第1607話 来たる過酷な夏に備えるべし
ハルたちの調査は進まぬ間も時間は過ぎ、季節は巡る。
アレキにより守護を受けた北の大地の箱庭にも、既に初夏の兆しが感じられるようになってきた。
太陽は高く輝き大地を照り付けて、地面をじりじりと焼き付けるようになる。
そんな陽光をきらきらと照り返す、一面の穏やかな水面をたたえた水田地帯には、まだまだ小さな緑の稲が徐々にその背丈を伸ばしている。
そんな田畑に休みなく水を供給する、大型の堤防から流れ落ちる水の音。
その風情は、経験のないハルにも『日本人の原風景』を感じさせるには十分な景観を成していたのであった。
「うちの田舎っぽい! 田植えに駆り出された時の事を思い出すなぁー」
「そういえば前にも思ったのだけれど、ソフィーちゃんは田んぼに入っても平気だったのかしら? その、当時に」
「うん! 完全防水だったもんね! サイボーグパワーで、しゅばばばば! って高速田植え競争してたんだよ!」
「そ、そう……」
「まあ確かに隙間にドロが詰まったのを、あとでガシガシとるのが面倒だったかもなぁ」
最先端の機械化ボディは、確かにそうした過酷な環境にも対応しているとは思われるが、恐らく、いや確実に、メーカーに推奨される使い方ではないはずだ。

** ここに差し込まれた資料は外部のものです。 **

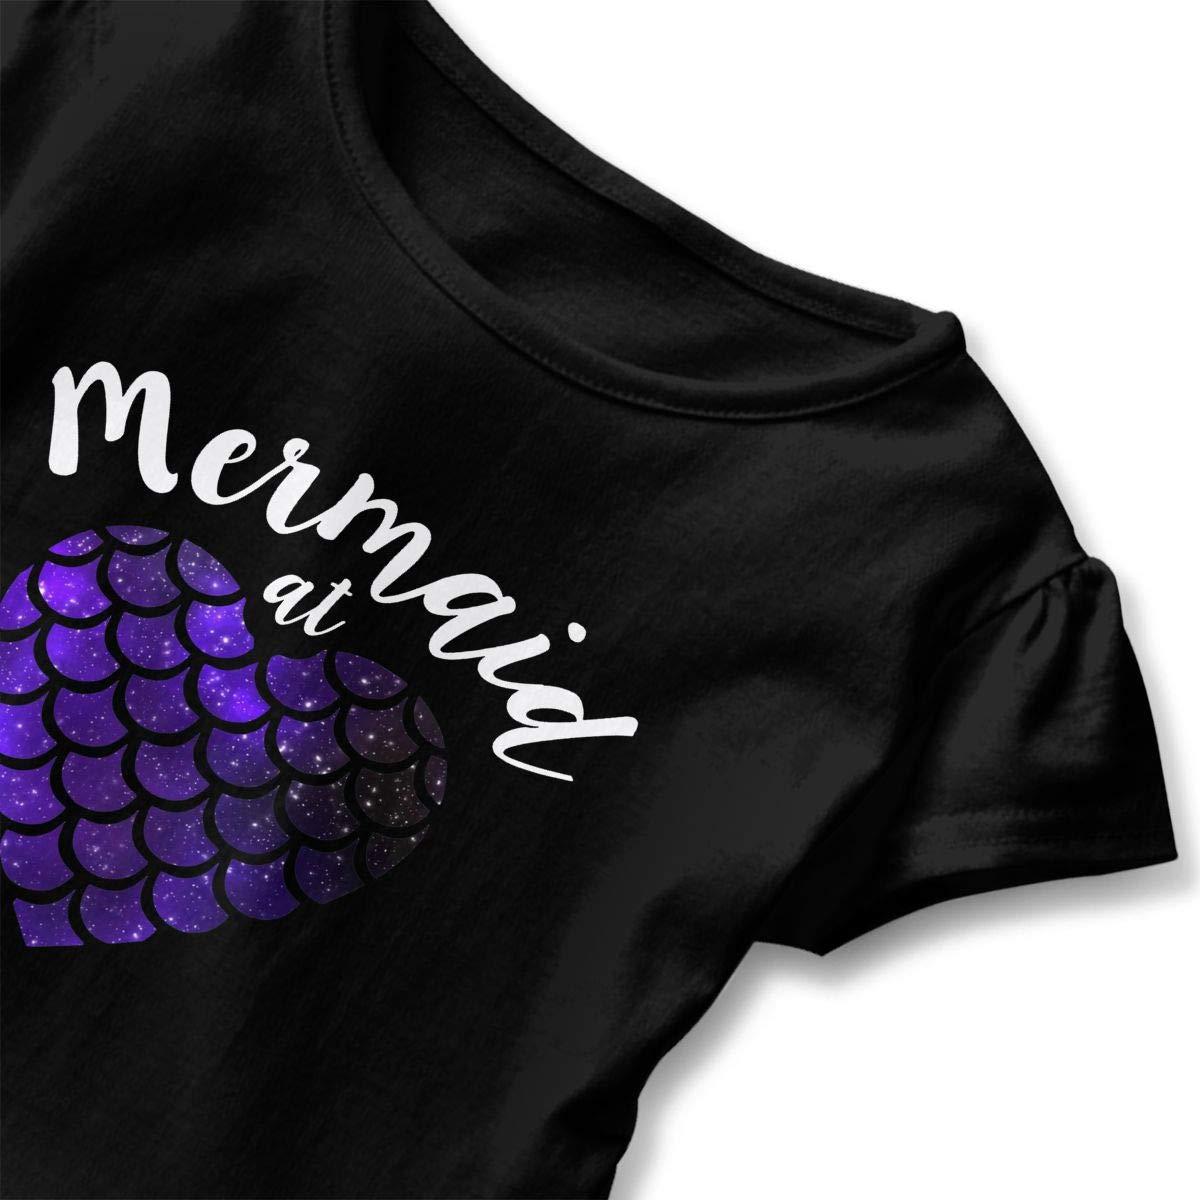 Mermaid at Heart Toddler Baby Girls Cotton Ruffle Short Sleeve Top Comfortable T-Shirt 2-6T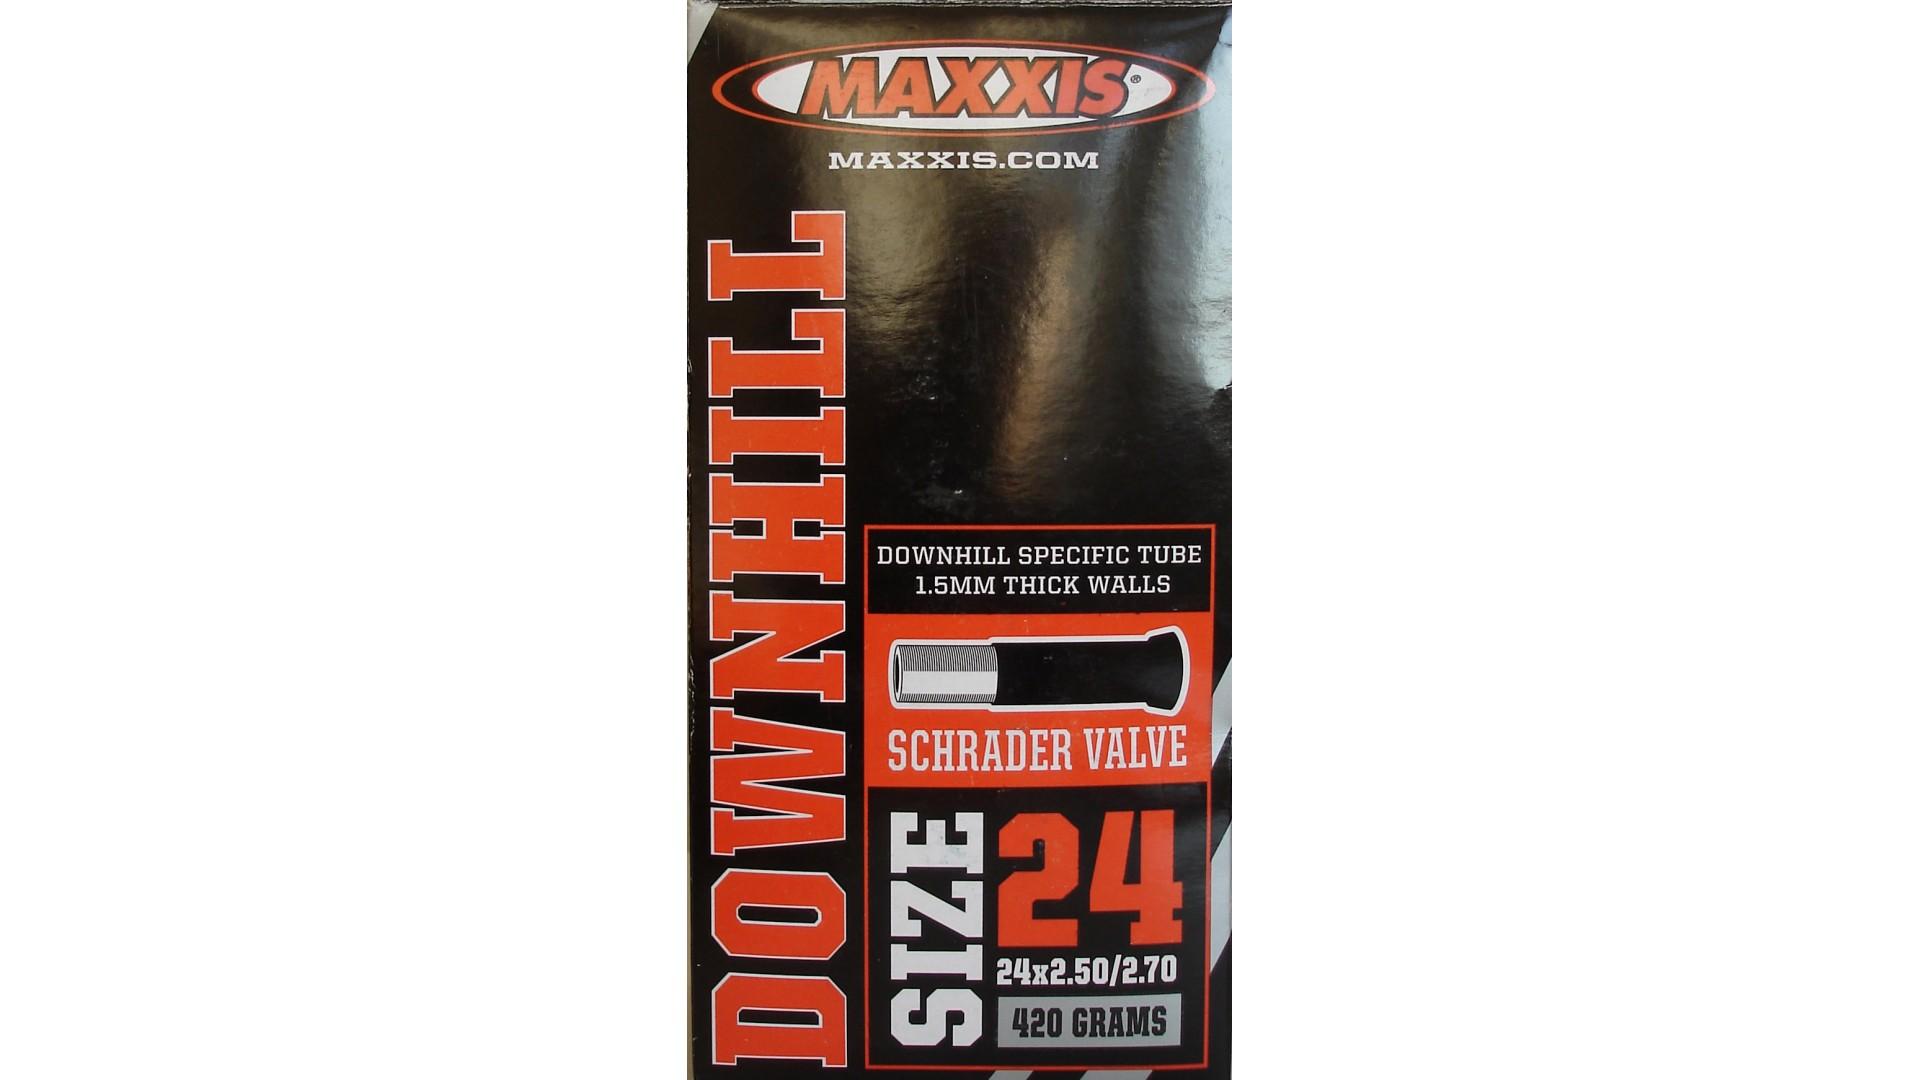 Камера Maxxis 24x2.50/2.70 Downhill AV

ソフィーの手足を製造し、貸し与えていたメーカーも、きっとそんな使い方をされているとは夢にも思うまい。
「……メーカーの人が知ったら、顔を青くしそうねぇ」
「大丈夫だよルナちゃん! 私たちの手足、壊してなんぼだったから! へーきへーき! 会社のひと、みんな変わってたし!」
「まあ、そもそも機械化剣術のスポンサーになろうなんて、元から酔狂な人たちなのも当然かしらね?」
「ああ、ちなみにねルナ。その会社だけど、御兜の系列会社だったみたいだね」
「そう。まあ、予想していたといえば、していたわ? 中身は大丈夫だったの?」
「そこはね。特に裏表ない、真面目に研究開発を行っている会社だよ」
「『そこは』という言い方が気になるけれど、まあいいわ?」
「私が手足生やしたのも、ちゃんとお祝いしてくれたし!」
「ソフィーちゃんも『生やした』なんて言い方は、いえ、事実でしょうけど」
「ずあっ! って生えてきたよ!」
「そんな一気には再生しません。したら僕も苦労しなかったんだから」
ちなみにハル本人は、やろうと思えば『ずあっ!』っと手足を再生できる。話がややこしくなるので、ここでは言わないが。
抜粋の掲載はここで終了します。